Sandia LabNews

Up to 20,000 soldiers a year may be trained in nonkinetic engagement with video game enhancements


 

Image of videogames

Some 20,000 soldiers a year may soon be trained in interpersonal skill building and cross-cultural awareness using a videogame recently developed by researchers from Sandia and BBN Technologies.

Funded through the Defense Advanced Research Projects Agency (DARPA), the nine-month project resulted in the creation of an adaptive thinking training methodology that prepares warfighters for difficult situations in places such as Afghanistan and Iraq, says project lead and scientist Elaine Raybourn (6341).

“We are talking about training for nonkinetic engagement — interpersonal communication, negotiation skills, and interpersonal rapport,” she says. “The goal is to make soldiers better thinkers and communicators under stress.”

Elaine and her team recently delivered DARPA’s “DARWARS Ambush NK!” to the Program Executive Office for Simulation, Training, and Instrumentation (PEO-STRI), which will distribute the enhanced system to the Army and eventually the other armed forces.

The training tool is conceptually similar to an earlier multiplayer simulation game she developed several years ago. That same game is currently used by members of the US Army Special Forces to hone their skills in adaptive thinking, negotiation, conflict resolution, and leadership in cross-cultural settings. The Special Forces’ game is being used to train soldiers on a regular basis at Ft. Bragg in North Carolina. (See “Game wins award” at right.)

Like the first game, the new one developed for DARPA will allow as many as 64 people to play on networked computers. Instructors can easily modify or create scenarios, monitor training, and jump in and change the direction of the game at any time.

Participants serve as either role-players or evaluators. Their tasks and experiences vary according to their role.

Elaine says DARPA came to her seeking help in building the new game after it became aware of the one she developed for the US Army Special Forces. DARPA already had a training game in the works designed by BBN Technologies. That game had a strong kinetic focus on physical aspects that could go wrong, such as improvised explosive devices going off or a convoy being ambushed.

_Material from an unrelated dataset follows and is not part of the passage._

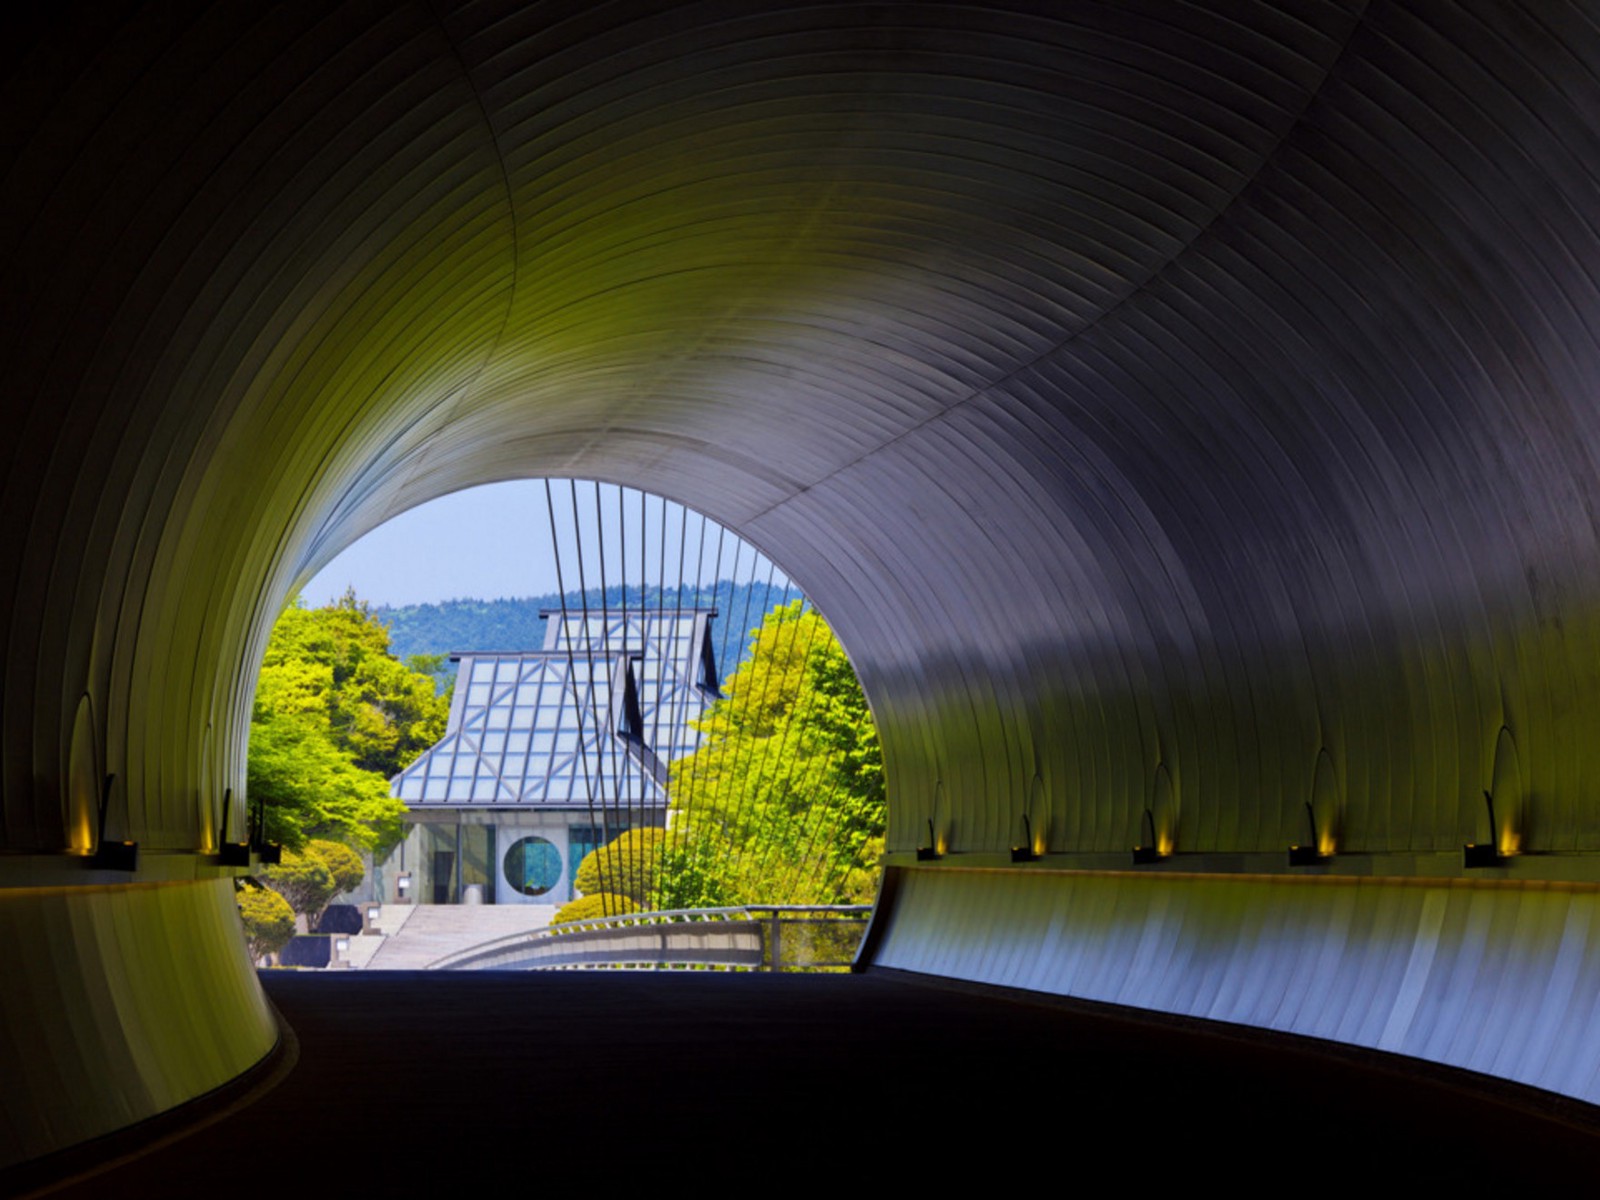 MIHO MUSEUM: I. M. Pei's Architectural Masterpiece - Japan Web Magazine

“DARPA also wanted a nonkinetic adaptive thinking piece for the soldiers, to learn how to negotiate with tribal leaders, for example,” Elaine says. “When things go wrong, troops have to learn to shift how they think in environments that are potentially dangerous.”

A major enhancement made by Elaine to the existing DARPA system was the addition of a peer/expert evaluation element, she says.

“I found Elaine’s idea of using a set of soldiers as observers and assessors particularly innovative and hope the Army can adopt it with its digital training tools,” says Ralph Chatham, former DARPA program manager who selected Elaine to work on the project. “The Army is the only big organization in the world that has institutionalized introspection in their after-action review process [AAR]. Sergeants can talk back to lieutenants in an AAR, and both are pleased with the process. That part of the ATL [Adaptive Thinking and Leadership] simulation game Elaine and the team produced fits the Army perfectly.”

Elaine estimates that the number of people who could be trained with the DARPA-sponsored game could be “huge.” PEO-STRI is putting the nonkinetic modules on its website where it will be available free to all US military services and government.

The nonkinetic modules are comprised of a socio-cultural overlay for a geographical area that is linked to key events and roles of host nation civilians.

Team members who contributed to designing the roles include subject-matter experts from the Fort Lewis Battle Command Training Center in Fort Lewis, Wash.; Pravin Rajan, a US Marine (formerly 6724); and Alan Rolli, former US Army (6341). Elaine says that creating a serious game is “truly a collaborative effort that often involves pulling together a distributed, virtual team of industry, military, and government partners, just to name a few.” Game design teams often represent diverse cultural orientations and face the same challenges encountered by trainees.